When we did the Star Wars update we put a new biome off to the side of your island, which is a much simpler thing to do. We always had the ambition to change a person’s island live, but noting that they’ve changed it themselves – they’ve erected structures all over, they’ve built things. We can’t betray that – their work, their investment. So there’s a bunch of work the engineering and design teams did to figure out how to procedurally, algorithmically find the right place for that biome and create that structure.
We’re really proud of that achievement, it’s not easy to do, and we take players’ investment in everything they have crafted on that island very seriously – because that’s their game they’ve built inside of it, it’s their creativity and we don’t want to tear that down. That’s how we approached it.
What will 2025 look like for Lego Fortnite Odyssey? Can players expect the same mix of licensed and original content additions?
Winterbottom: We just met up and talked about exactly this! We like to have enough roadmap that we can get our teams working, but not so much that we can’t react to what players are liking, because we take so much from the community in terms of feedback.
There will definitely be, maybe, some more licensed stuff – there’s fun things to do there. But we’re more focused on how we continue to make the game fun. We’ve not just been adding content but we’ve been refining how it plays this year – and we plan to do both of those things next year with Odyssey. We’re pretty excited about our 2025 plans.
It sounds like a game you’re not expecting to finish up anytime soon. Will it ever be finished, or are you planning to keep building it indefinitely?
Marcelli: I hope it’s a game that will never be finished. The Fortnite platform allows it and it’s becoming a place where any game can be a live-service game pretty easily. And we talk about the limitless possibility of Lego bricks, so if you combine those things together it is indeed limitless. I hope it will never be done, always kept fresh and updated.
Moving onto Lego Fortnite Brick Life, how did that come about and how did you decide on the roleplay, social sim genre to go with?
Marcelli: Roleplay was a genre the community had a lot of appetite for and if you think about the Lego Group – the first thing you do once you’ve built your set is to roleplay, so it made a lot of sense to embrace that genre from a video game perspective. Doing this within Odyssey wouldn’t have done justice to what you can get from an adventure game and would probably have been a distraction in an adventure game – so we wanted to separate the two.

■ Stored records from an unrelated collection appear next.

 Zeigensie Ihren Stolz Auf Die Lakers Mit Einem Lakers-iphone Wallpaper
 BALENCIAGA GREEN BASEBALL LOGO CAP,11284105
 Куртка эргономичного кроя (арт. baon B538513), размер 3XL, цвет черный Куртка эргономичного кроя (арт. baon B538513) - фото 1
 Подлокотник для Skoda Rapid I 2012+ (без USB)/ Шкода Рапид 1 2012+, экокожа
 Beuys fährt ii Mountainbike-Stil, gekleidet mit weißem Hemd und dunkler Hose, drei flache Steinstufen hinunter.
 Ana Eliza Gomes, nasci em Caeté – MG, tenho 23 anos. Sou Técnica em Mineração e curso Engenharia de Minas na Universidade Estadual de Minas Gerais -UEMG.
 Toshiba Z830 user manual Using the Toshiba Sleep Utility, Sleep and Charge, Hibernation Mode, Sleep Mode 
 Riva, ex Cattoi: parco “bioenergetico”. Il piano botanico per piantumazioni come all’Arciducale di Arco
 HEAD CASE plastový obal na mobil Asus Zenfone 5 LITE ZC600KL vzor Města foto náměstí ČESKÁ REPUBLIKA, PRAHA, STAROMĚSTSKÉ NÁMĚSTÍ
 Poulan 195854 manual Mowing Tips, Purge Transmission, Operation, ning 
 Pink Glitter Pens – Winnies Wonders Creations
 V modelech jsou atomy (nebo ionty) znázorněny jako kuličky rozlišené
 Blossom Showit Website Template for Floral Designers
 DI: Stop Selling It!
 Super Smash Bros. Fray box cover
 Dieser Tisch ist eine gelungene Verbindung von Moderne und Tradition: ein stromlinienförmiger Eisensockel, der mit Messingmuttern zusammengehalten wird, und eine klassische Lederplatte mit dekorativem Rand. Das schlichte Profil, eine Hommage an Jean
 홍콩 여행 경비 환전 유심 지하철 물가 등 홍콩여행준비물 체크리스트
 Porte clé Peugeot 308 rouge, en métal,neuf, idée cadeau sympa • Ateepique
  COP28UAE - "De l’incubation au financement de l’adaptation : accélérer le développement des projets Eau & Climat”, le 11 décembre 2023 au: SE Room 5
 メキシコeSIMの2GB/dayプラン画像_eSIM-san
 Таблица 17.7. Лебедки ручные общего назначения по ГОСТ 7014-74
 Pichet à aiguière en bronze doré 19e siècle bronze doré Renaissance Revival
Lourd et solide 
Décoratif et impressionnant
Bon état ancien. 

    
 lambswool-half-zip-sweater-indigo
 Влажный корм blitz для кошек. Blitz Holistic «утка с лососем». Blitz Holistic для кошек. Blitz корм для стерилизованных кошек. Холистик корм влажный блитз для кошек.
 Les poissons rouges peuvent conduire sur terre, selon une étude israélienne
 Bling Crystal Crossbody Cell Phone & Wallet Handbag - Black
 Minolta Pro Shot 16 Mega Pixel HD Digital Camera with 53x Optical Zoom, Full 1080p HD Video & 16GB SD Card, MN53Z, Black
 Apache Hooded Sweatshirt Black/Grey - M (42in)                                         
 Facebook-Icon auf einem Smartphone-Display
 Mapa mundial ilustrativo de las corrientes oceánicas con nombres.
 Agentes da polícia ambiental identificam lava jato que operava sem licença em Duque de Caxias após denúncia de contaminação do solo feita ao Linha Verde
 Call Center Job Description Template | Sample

Epic came with the proposal of launching another game instead of creating everything that everyone wants in one game, in order to keep the authenticity of what Lego Odyssey was at the time. We said ‘let’s plan for something in 2027’ and they did it in one year.
How did you do it in one year?
“We’re a little bit demanding with our brands and our bricks!”
Marcelli: The technical work that went into building Lego Fortnite in the first place was long and deep. We just needed to have all our elements rendered to perfection because, as you can imagine, we’re a little bit demanding with our brands and our bricks! [laughs]
Winterbottom: Have you noticed the word Lego is literally embossed on every brick?!
Marcelli: We wanted that Lego love, fidelity and everything. So it was a lot of work to create the archtecture, create 2000 minifigs, but once that’s there it’s easier to build on. So I want to commend the work Epic Games did in the past to build that architecture there in the past for us to build on in the future – but they also work fast, too.